DATASET CONTENT:
+ + + + + + +

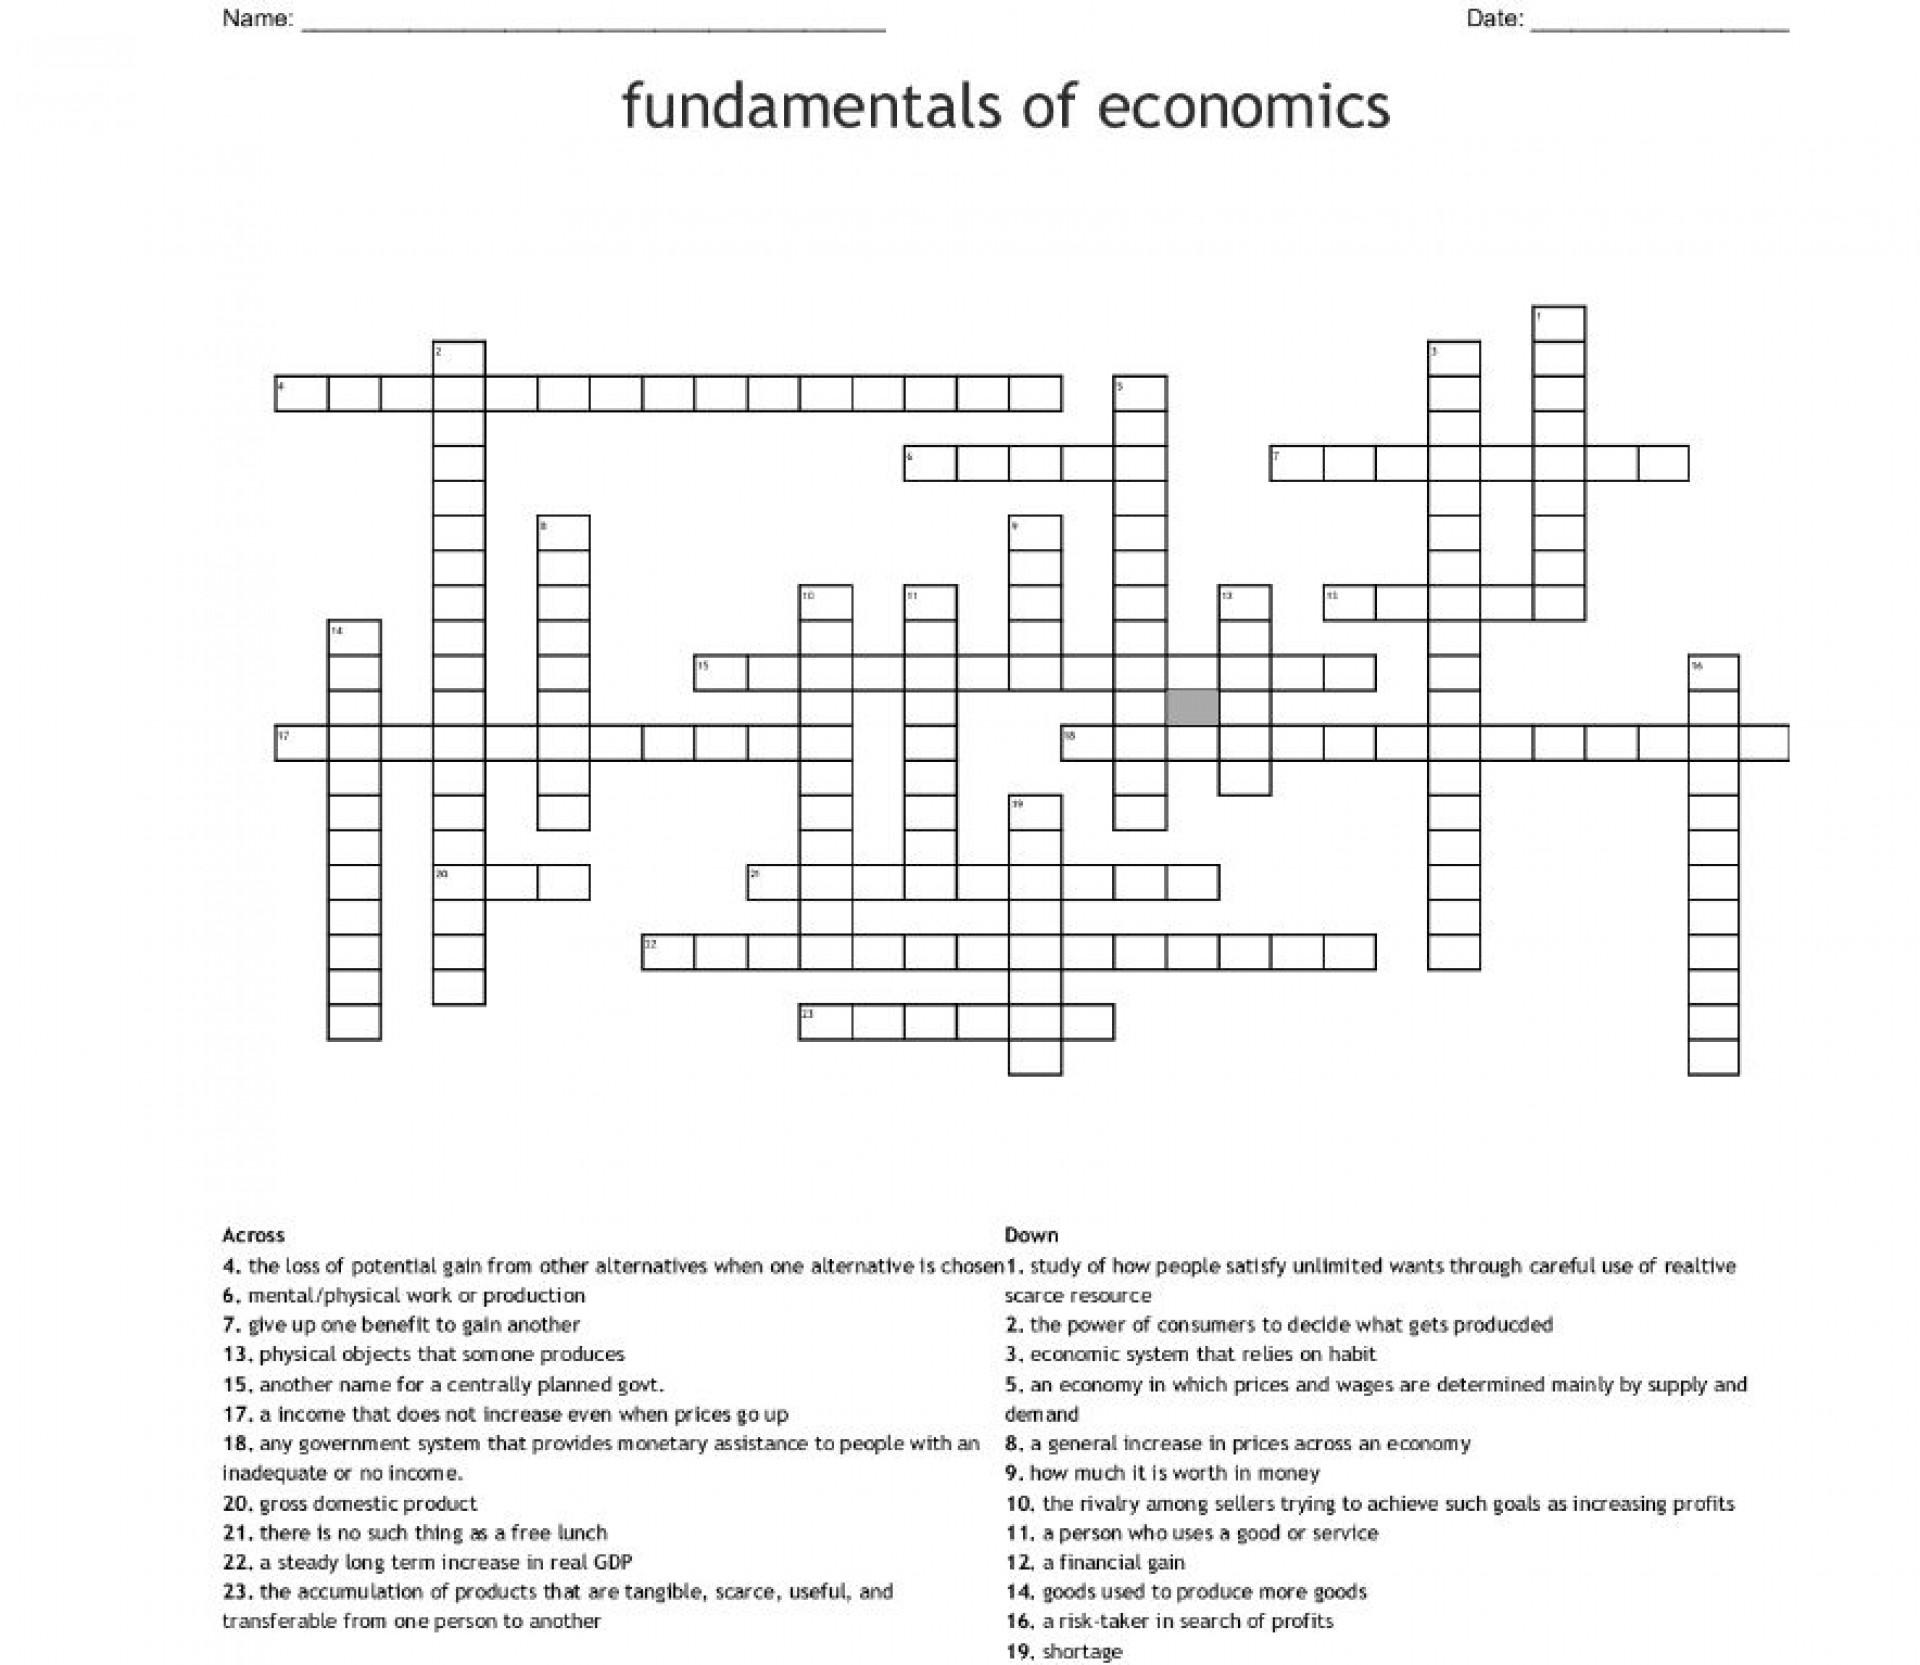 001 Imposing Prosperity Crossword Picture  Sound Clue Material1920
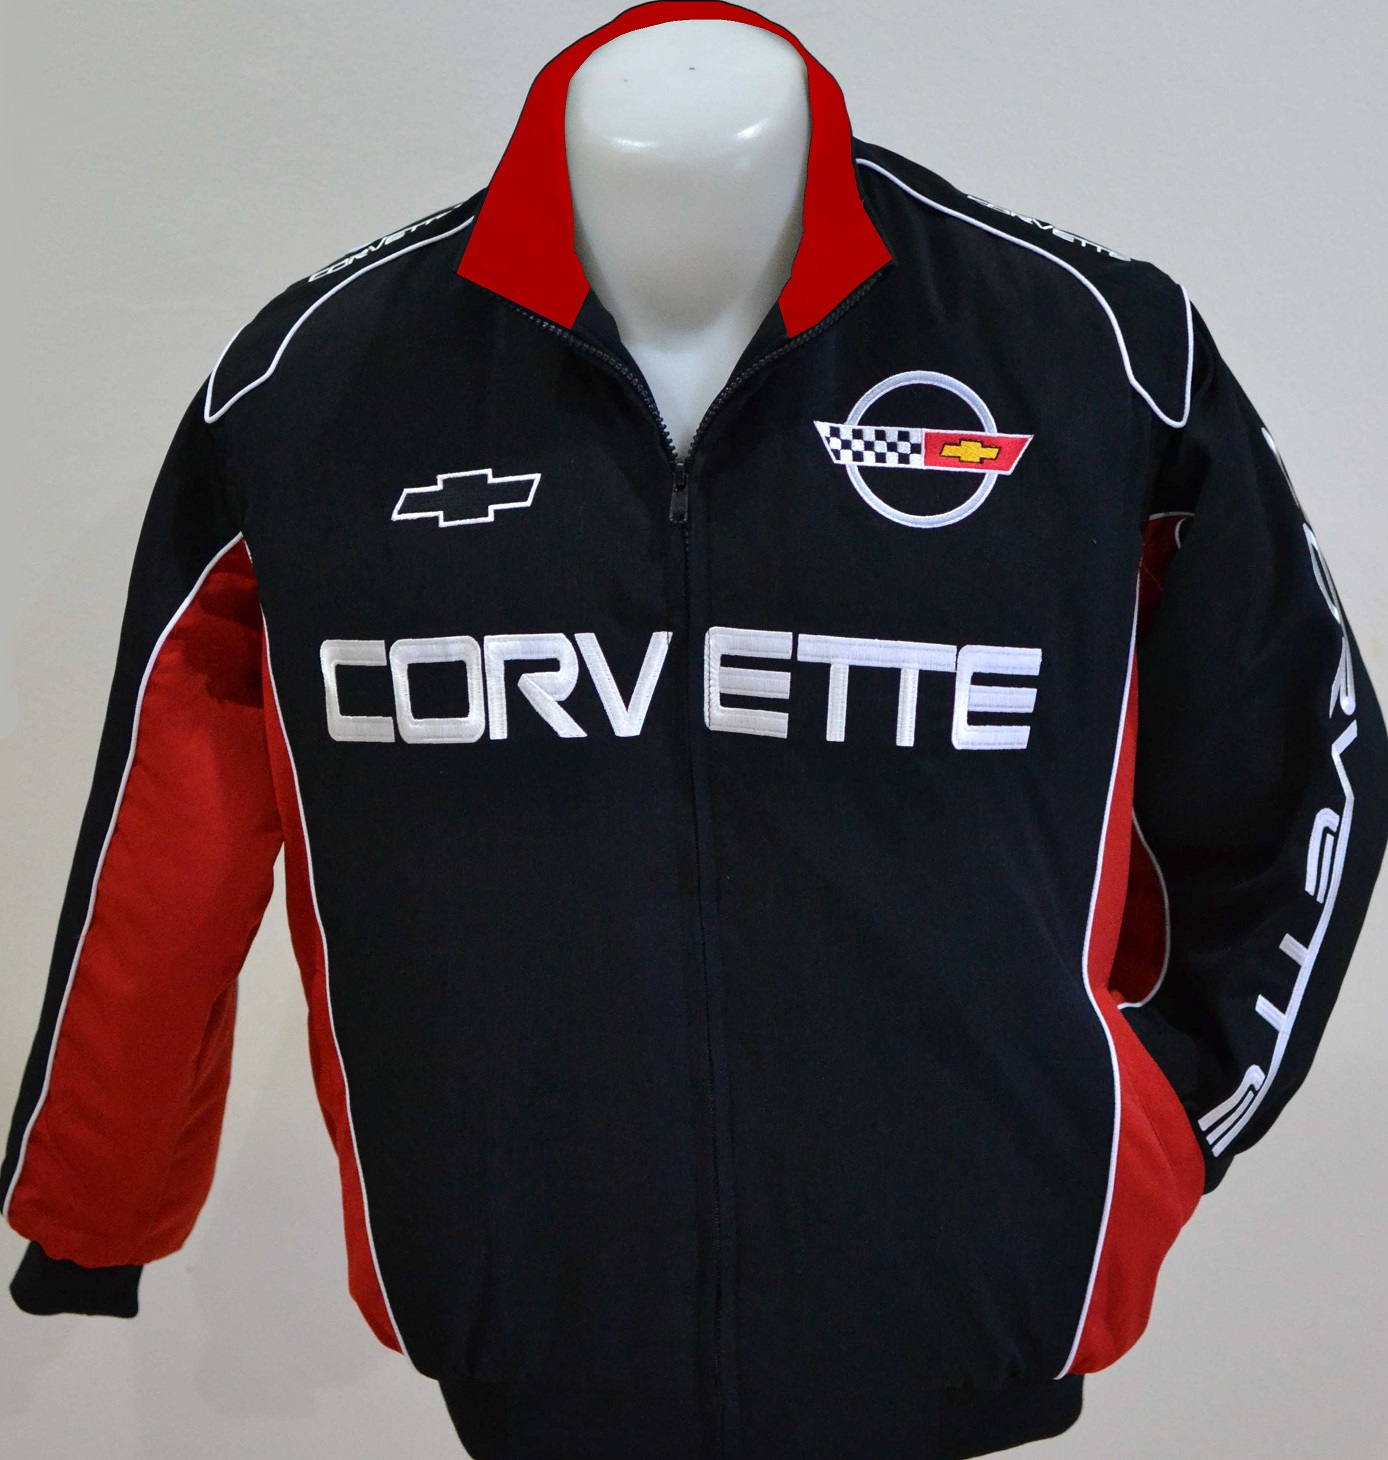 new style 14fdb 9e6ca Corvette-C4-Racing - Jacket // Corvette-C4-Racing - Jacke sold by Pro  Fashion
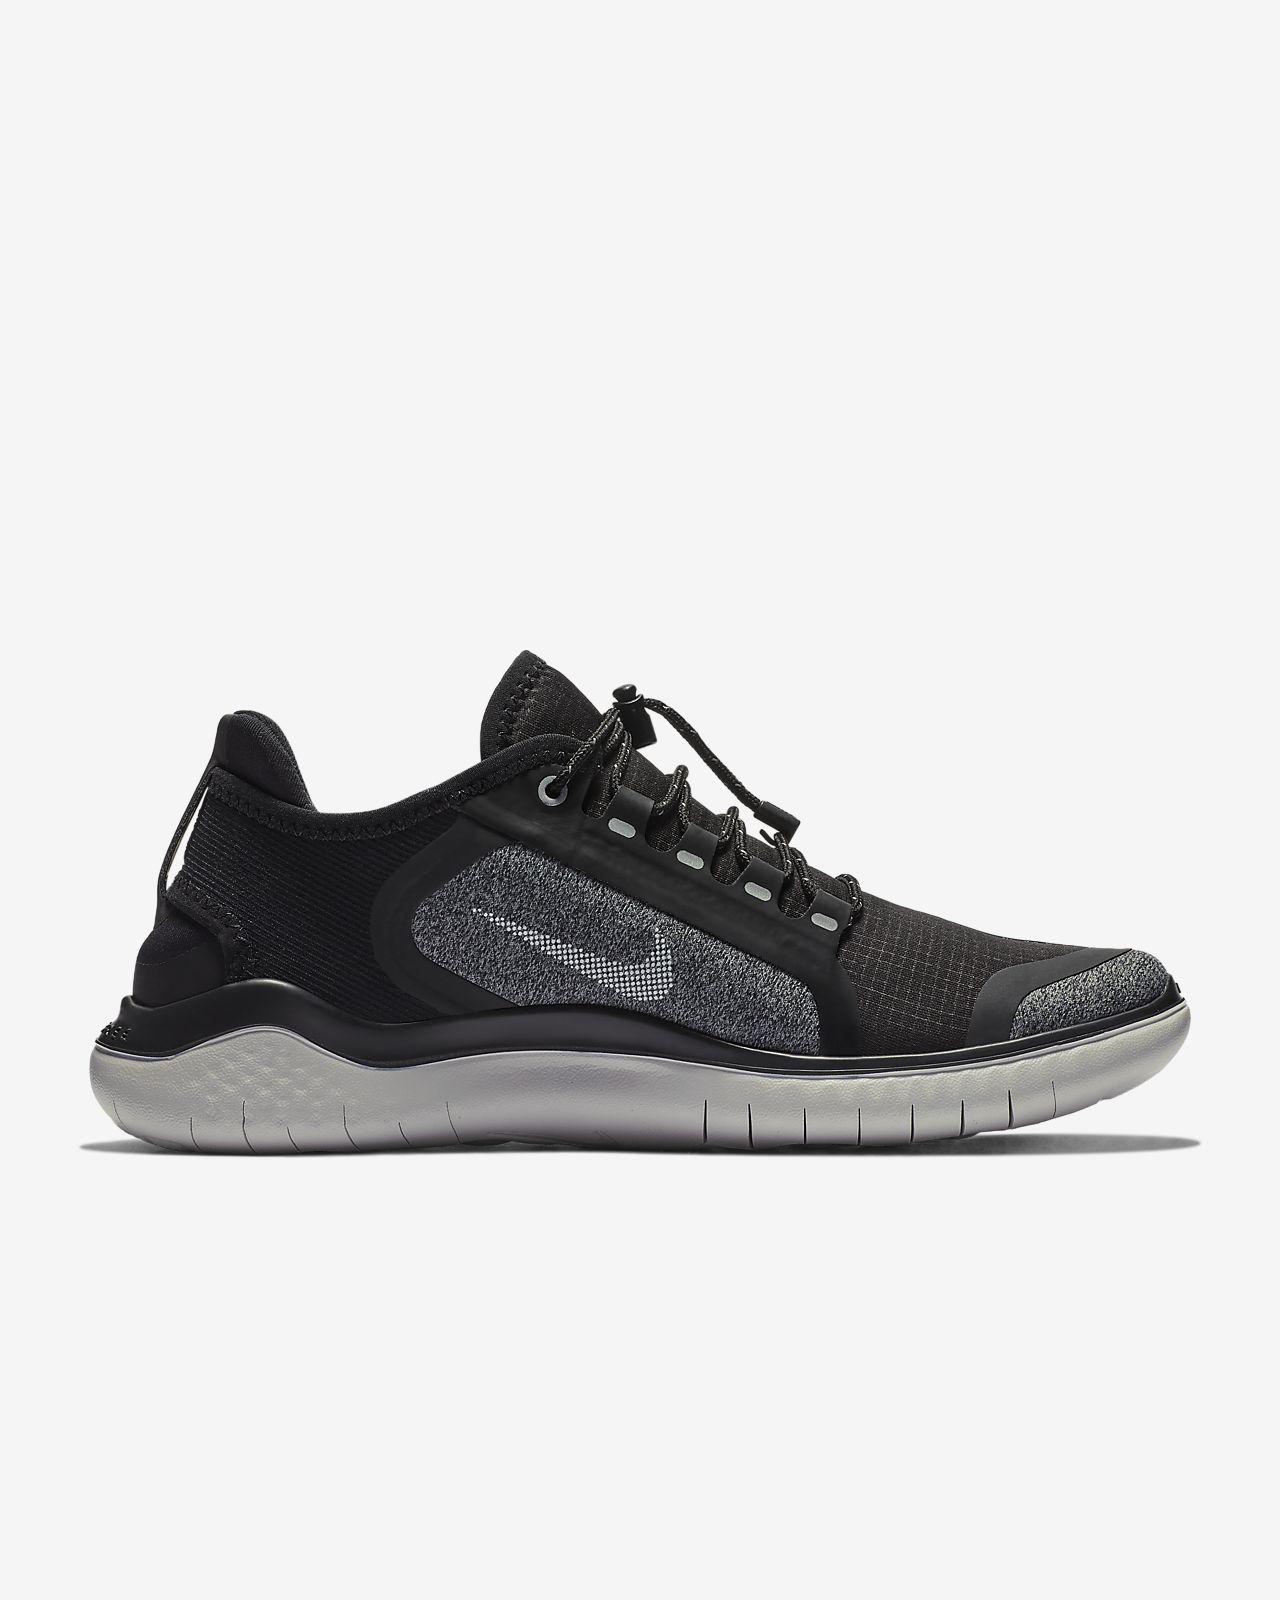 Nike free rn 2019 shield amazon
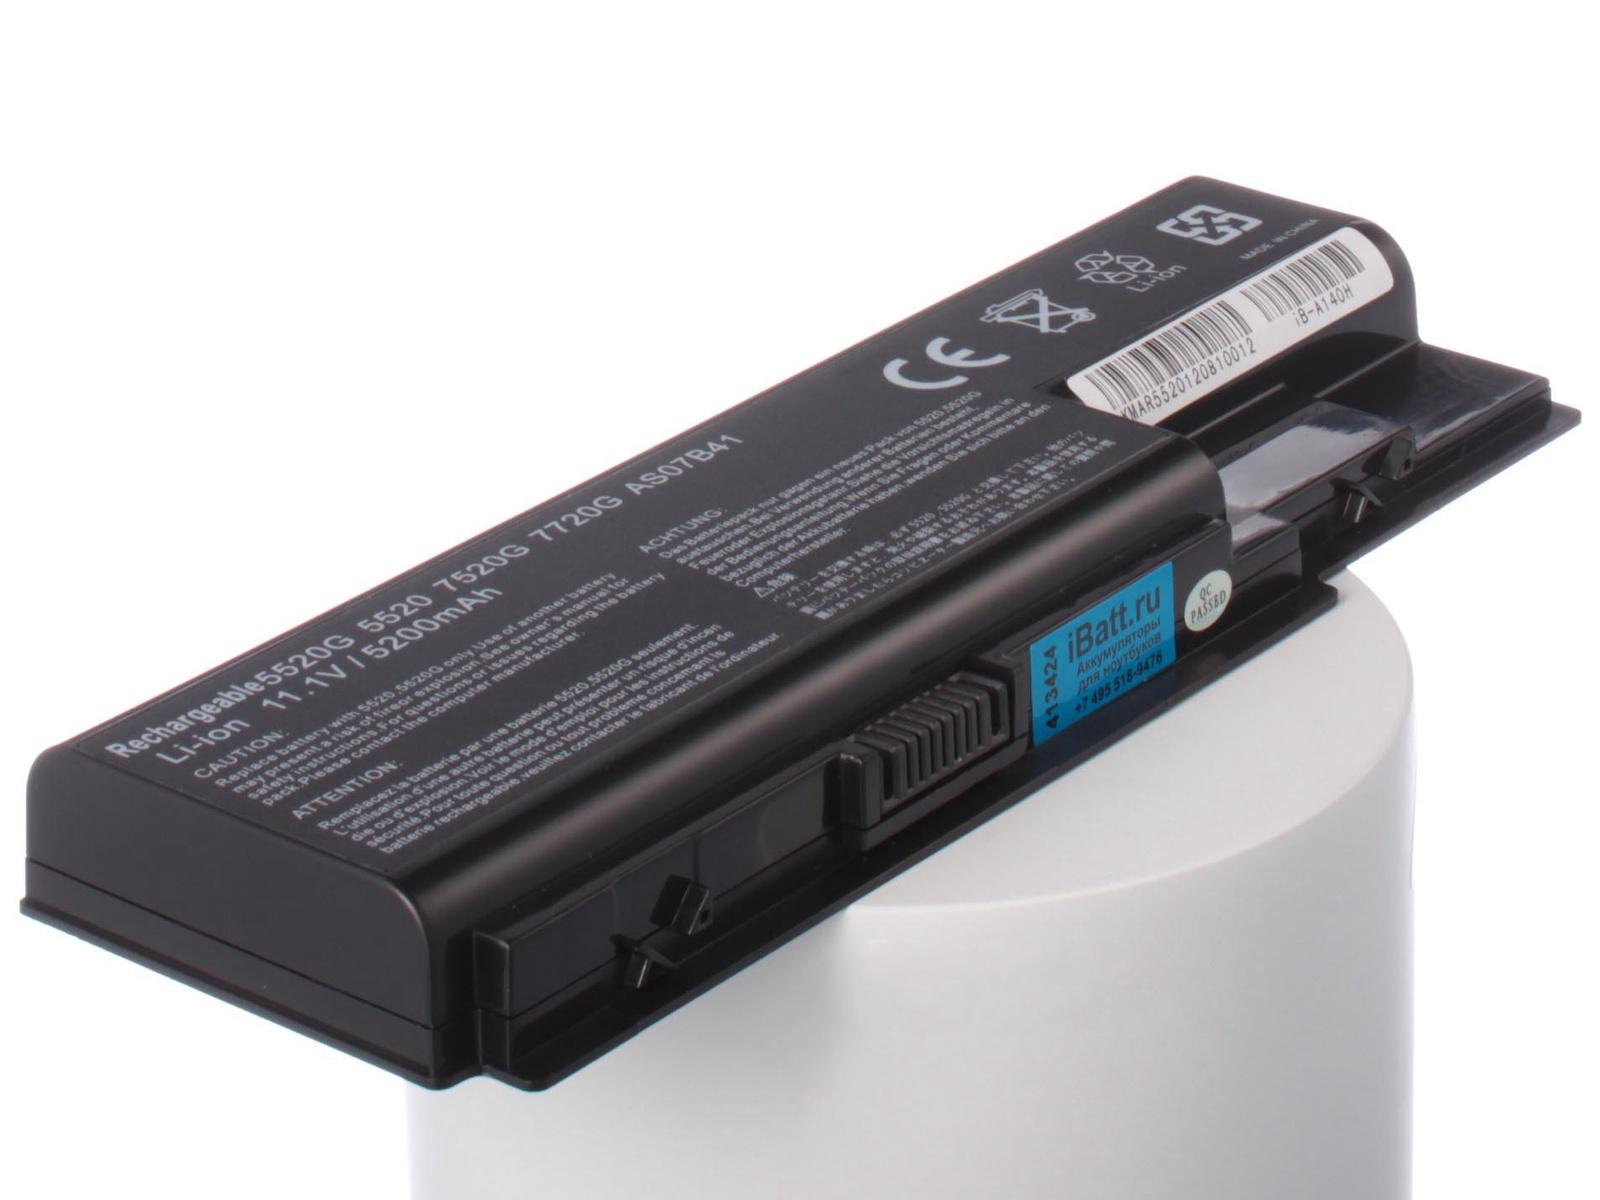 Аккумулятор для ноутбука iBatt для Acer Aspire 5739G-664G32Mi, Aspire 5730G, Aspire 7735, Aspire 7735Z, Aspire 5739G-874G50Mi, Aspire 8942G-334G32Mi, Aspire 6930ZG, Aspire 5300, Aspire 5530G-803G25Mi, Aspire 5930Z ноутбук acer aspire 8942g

+ + + + + + +

Please write out, word for word, each line from the one with "Nike free rn 2019 shield amazon" to the last line of the data, keeping both ends and omitting pictures.

 Nike free rn 2019 shield amazon
 Аккумулятор для ноутбука iBatt для Acer Aspire 5739G-664G32Mi, Aspire 5730G, Aspire 7735, Aspire 7735Z, Aspire 5739G-874G50Mi, Aspire 8942G-334G32Mi, Aspire 6930ZG, Aspire 5300, Aspire 5530G-803G25Mi, Aspire 5930Z ноутбук acer aspire 8942g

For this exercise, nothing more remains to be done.